The Justice Department also argues that Matt Sissell’s Origination Clause “claim fails for two simple, independent reasons: the ACA originated in the House as H.R. 3590 and, even if this court determines otherwise, the ACA is not a ‘Bill for raising Revenue’ within the meaning of the Origination Clause.”
Sen. Harry Reid’s own description of his bill as the “Senate Health Care Bill”
belies the argument that it originated in the House.
Chief Justice Robert’s opinion that the individual mandate portion of the Affordable Care Act is only constitutional under Congress’ power to tax also belies the Justice Department’s argument in Sissell v. HHS that it was not a “Bill for raising Revenue.”

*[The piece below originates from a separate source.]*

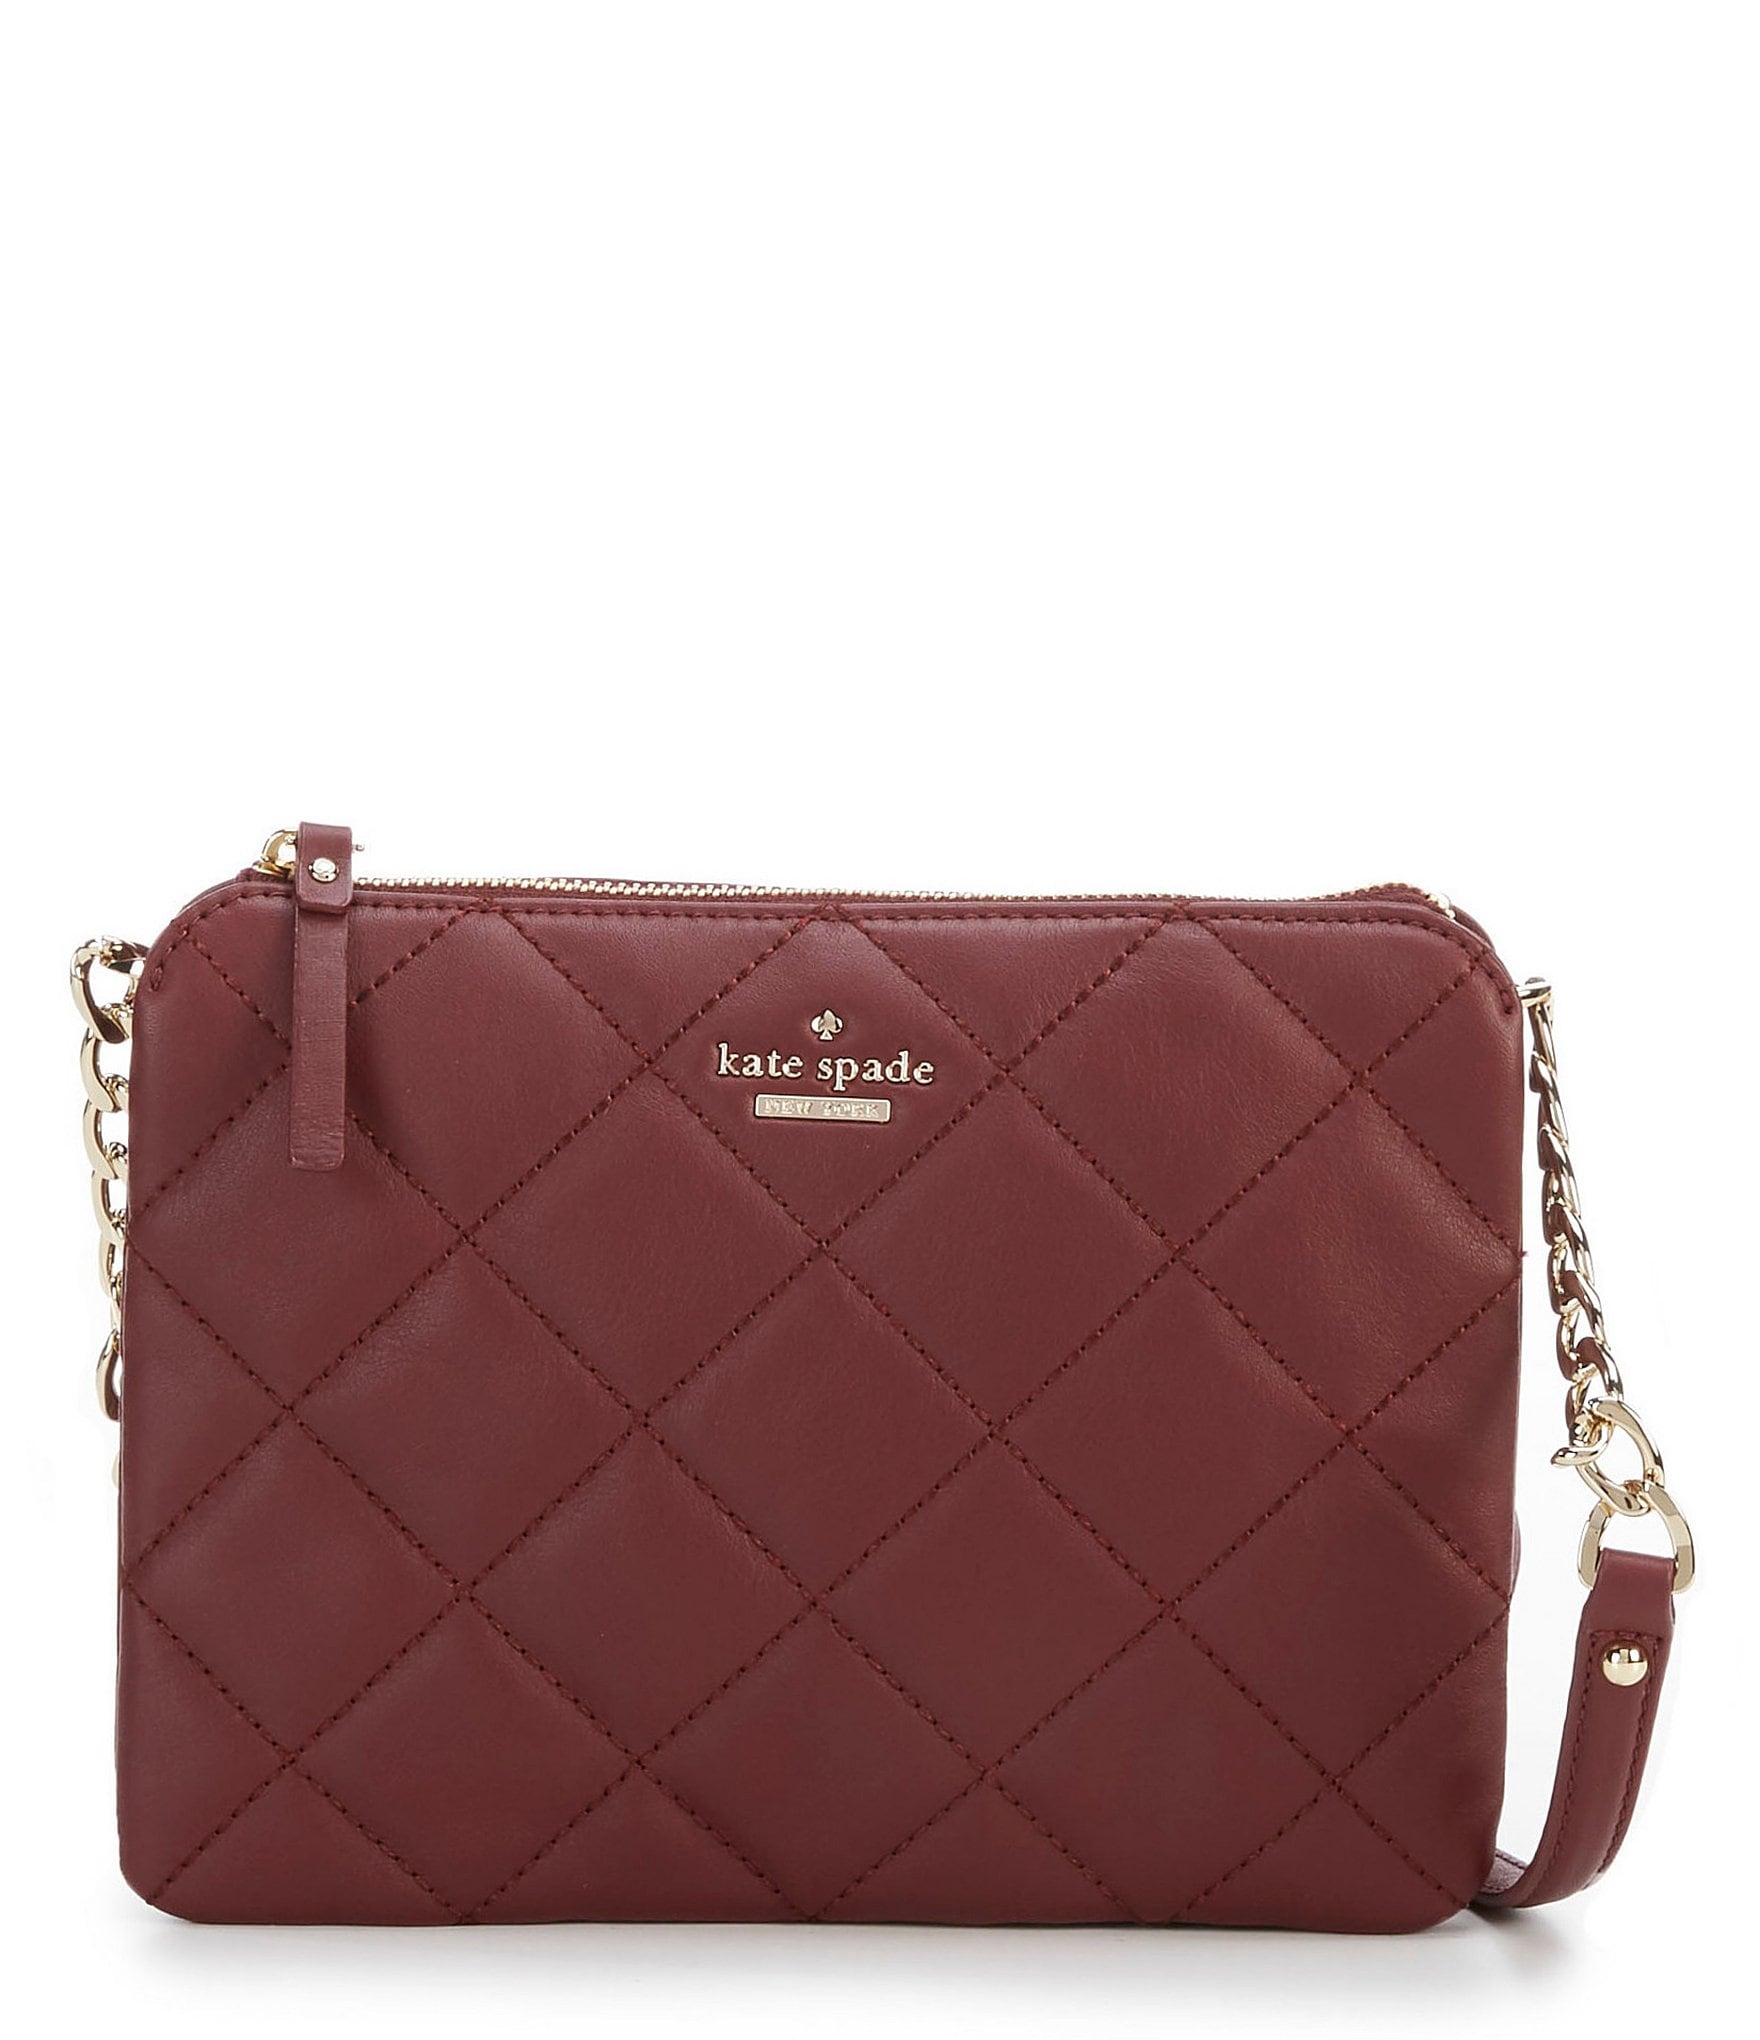 kate spade new york Emerson Place Harbor Quilted Cross-Body Bag | Dillards

The March 20, 2010, “Estimated Revenue Effects” prepared by the congressional Joint Committee on Taxation for the “Patient Protection and Affordable Care Act” — “as passed by the senate, and scheduled for consideration by the house” — were $487.8 billion in net total revenue between 2010 and 2019, which is consistent with Senator Reed’s still-posted comments on introduction of his self-described “Senate Health Care Bill” that “This bill will cut the deficit by $130 billion”; the Supreme Court has never upheld such a blatant Senate-originated “Bill for raising Revenue.”
Regardless of how the District Court in Sissell rules on the motion to dismiss, this case will hopefully provide an opportunity for Chief Justice Roberts to redeem himself — based on his own rationale for upholding Obamacare.
In any event, other parties in ongoing litigation over Obamacare should also amend their complaints accordingly — following the lead of Matt Sissell — to include a cause of action under the Origination Clause. In the meantime, voters should encourage their congressmen to reaffirm the Origination Clause by co-sponsoring H.Res. 153.